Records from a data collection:
────────────────────
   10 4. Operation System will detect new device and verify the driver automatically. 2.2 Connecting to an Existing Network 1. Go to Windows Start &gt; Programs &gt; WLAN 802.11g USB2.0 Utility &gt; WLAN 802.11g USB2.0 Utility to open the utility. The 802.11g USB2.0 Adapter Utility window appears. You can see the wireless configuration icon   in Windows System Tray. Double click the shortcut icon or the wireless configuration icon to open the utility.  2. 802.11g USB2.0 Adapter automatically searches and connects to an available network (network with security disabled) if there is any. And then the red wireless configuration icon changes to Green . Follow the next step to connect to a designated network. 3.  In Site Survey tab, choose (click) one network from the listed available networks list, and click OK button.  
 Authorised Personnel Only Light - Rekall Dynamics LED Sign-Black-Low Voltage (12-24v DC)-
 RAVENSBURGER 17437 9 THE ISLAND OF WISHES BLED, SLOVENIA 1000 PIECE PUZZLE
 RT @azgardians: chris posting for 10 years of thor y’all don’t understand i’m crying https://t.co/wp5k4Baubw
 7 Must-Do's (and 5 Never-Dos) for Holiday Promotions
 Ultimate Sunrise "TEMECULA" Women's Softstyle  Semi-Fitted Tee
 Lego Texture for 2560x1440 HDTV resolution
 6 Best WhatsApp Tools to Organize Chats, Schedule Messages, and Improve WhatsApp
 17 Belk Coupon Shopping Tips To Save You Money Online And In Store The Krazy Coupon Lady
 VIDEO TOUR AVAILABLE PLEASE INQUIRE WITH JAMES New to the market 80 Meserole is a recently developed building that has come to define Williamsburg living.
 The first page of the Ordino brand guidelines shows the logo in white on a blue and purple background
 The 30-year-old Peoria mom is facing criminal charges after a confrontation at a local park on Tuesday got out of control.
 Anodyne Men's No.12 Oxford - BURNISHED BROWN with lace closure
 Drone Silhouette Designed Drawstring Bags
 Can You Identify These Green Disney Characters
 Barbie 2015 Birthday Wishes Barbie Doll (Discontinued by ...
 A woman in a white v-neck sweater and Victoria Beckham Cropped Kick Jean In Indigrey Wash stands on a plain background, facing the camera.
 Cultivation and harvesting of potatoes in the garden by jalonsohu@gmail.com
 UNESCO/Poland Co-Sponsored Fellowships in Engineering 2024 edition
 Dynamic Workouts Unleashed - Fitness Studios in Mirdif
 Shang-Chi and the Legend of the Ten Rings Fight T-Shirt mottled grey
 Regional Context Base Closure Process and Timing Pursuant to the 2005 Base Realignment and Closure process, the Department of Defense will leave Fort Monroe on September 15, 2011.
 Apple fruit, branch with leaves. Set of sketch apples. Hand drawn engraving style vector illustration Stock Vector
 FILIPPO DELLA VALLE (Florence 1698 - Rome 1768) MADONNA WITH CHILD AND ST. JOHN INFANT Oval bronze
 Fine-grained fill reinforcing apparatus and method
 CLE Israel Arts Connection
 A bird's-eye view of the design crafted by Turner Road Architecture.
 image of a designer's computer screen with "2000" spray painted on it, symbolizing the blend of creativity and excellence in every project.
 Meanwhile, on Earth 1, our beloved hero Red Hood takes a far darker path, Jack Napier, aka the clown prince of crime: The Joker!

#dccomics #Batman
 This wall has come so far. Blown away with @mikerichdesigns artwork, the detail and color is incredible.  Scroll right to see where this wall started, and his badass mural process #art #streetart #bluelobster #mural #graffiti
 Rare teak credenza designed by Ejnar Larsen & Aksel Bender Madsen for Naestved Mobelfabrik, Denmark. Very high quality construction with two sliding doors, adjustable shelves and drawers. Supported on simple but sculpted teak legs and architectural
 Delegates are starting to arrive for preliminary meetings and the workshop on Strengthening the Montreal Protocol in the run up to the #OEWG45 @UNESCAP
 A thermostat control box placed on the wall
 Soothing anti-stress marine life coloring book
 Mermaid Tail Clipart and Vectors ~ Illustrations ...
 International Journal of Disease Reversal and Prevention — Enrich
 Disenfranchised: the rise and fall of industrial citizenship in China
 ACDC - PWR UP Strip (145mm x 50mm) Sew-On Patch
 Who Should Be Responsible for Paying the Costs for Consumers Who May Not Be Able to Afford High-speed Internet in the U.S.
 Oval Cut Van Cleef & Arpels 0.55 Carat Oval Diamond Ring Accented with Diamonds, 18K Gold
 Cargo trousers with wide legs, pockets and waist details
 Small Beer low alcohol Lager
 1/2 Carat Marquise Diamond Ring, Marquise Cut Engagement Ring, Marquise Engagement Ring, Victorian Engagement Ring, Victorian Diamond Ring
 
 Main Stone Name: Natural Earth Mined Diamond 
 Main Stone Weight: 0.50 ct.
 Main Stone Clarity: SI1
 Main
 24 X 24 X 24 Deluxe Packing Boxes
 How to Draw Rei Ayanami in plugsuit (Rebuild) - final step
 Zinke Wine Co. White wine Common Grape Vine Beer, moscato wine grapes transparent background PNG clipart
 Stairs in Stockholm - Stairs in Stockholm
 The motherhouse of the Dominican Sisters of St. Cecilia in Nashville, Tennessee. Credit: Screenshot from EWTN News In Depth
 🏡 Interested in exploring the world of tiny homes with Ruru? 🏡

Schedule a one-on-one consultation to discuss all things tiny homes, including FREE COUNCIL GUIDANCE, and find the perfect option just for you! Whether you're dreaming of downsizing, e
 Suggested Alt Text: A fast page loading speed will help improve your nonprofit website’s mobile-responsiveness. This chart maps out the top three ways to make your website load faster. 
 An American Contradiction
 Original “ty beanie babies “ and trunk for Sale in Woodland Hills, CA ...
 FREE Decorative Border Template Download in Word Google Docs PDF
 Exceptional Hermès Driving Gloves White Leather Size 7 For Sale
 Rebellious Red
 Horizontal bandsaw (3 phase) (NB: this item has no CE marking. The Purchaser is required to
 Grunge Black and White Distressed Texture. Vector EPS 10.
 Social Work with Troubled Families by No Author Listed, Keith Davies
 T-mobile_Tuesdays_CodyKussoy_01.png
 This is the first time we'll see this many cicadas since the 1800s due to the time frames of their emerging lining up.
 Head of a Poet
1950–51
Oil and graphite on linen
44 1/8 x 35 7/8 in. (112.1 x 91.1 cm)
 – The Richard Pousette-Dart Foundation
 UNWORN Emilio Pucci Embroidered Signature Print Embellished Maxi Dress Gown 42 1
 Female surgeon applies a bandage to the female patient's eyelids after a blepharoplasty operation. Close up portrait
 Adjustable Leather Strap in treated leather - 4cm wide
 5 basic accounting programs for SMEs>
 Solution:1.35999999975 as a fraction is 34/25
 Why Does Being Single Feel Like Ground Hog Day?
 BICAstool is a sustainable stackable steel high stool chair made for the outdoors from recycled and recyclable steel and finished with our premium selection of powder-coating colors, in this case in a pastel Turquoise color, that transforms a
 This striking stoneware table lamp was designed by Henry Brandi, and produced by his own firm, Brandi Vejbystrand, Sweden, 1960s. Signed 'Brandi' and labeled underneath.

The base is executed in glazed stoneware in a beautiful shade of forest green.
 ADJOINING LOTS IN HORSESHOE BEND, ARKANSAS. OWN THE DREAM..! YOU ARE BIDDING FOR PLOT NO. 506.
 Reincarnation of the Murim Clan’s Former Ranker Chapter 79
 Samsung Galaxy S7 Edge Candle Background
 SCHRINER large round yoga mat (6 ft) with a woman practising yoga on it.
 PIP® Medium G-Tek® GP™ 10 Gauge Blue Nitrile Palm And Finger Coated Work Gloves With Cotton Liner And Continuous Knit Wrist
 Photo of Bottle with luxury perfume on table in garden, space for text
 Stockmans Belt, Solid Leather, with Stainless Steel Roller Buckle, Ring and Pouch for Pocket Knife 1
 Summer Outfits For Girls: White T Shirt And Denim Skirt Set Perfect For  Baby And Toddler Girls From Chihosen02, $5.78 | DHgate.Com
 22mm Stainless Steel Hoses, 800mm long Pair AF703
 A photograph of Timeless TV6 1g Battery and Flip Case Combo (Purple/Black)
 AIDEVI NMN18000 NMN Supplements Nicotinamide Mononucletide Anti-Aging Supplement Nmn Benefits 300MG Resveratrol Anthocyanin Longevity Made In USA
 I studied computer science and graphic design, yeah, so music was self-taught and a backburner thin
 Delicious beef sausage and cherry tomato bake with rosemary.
────────────────────
#### [Exercise objective]
Using the entries above, give again exactly the lines from the line holding "Summer Outfits For" through the line holding "I studied computer". Include both end lines and nothing else.

#### [Result for this task]
 Summer Outfits For Girls: White T Shirt And Denim Skirt Set Perfect For  Baby And Toddler Girls From Chihosen02, $5.78 | DHgate.Com
 22mm Stainless Steel Hoses, 800mm long Pair AF703
 A photograph of Timeless TV6 1g Battery and Flip Case Combo (Purple/Black)
 AIDEVI NMN18000 NMN Supplements Nicotinamide Mononucletide Anti-Aging Supplement Nmn Benefits 300MG Resveratrol Anthocyanin Longevity Made In USA
 I studied computer science and graphic design, yeah, so music was self-taught and a backburner thin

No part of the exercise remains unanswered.